A Biopolitical and Necropolitical Analysis of Nuclear Weapon Proliferation

This content was originally written for an undergraduate or Master's program. It is published as part of our mission to showcase peer-leading papers written by students during their studies. This work can be used for background reading and research, but should not be cited as an expert source or used in place of scholarly articles/books.

Following the collapse of the Soviet Union, it was predicted that the strength and resolve of nuclear weapons would no longer have the same influence in global politics (Gartzke and Kroenig 2009). Irrespective of these predictions, several states have challenged the non-proliferation regime by testing nuclear weapons or pursuing nuclear technologies with the hope of, eventually, going nuclear. Others have chosen to remain non-nuclear. What explains these patterns is the focus of this essay.

This essay will be structured in three parts. It is necessary to underscore neorealism’s view of international politics and the power of nuclear weapons as a form of deterrence.
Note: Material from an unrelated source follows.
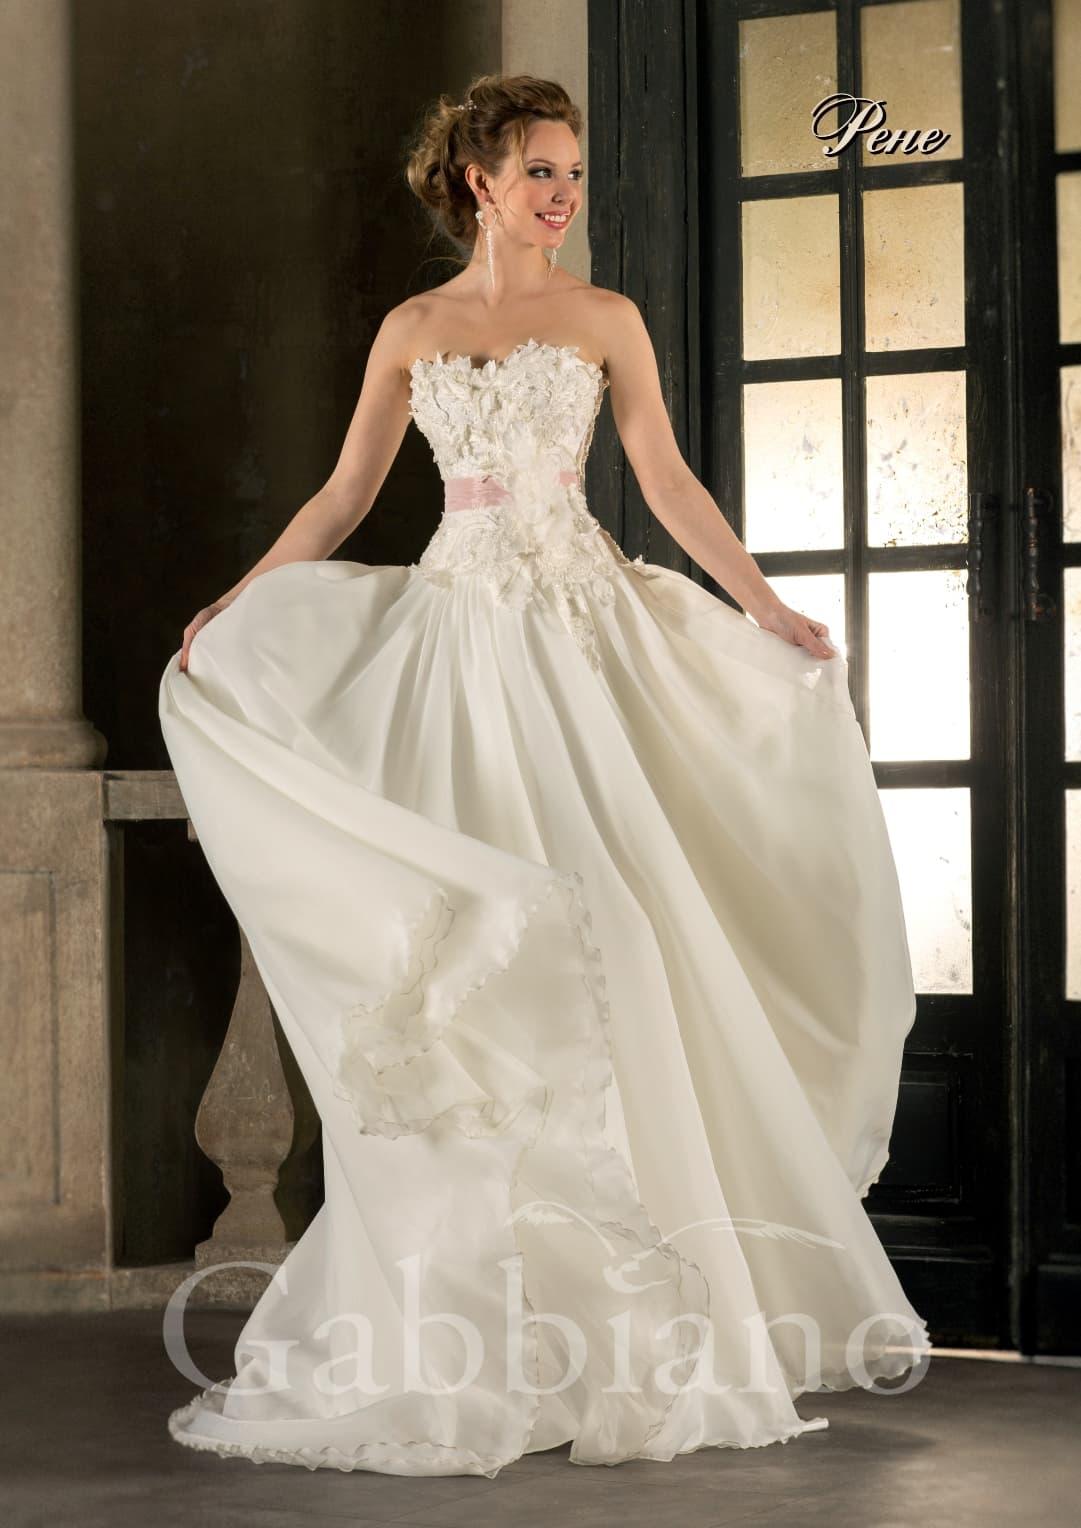 Открытое свадебное платье силуэта «принцесса» с розовым поясом и объемной отделкой лифа.

At odds with the threatening nature of the external security environment, very few states have chosen to go nuclear, which can be explained by the presence of the non-proliferation regime. The second section outlines the theoretical contributions of biopolitics and necropolitics, noting that the global nuclear regime controls and subordinates those who do not have them. It will argue that decisions by ‘Third World’ countries to develop nuclear weapons can be explained as the desire to be fully sovereign and prevent Western power projection and control (Kroenig 2014). In essence, numerous countries have chosen to dismiss international norms regarding non-proliferation that they believe maintains Western hegemonic power structures (Allinson 2015: 113). This essay will argue the decision of countries to go nuclear, irrespective of the non-proliferation regime, can be attributed to the system of control and power projection that ‘legitimate’ nuclear states have over those without such weapons (Furhmann and Horowitz 2015).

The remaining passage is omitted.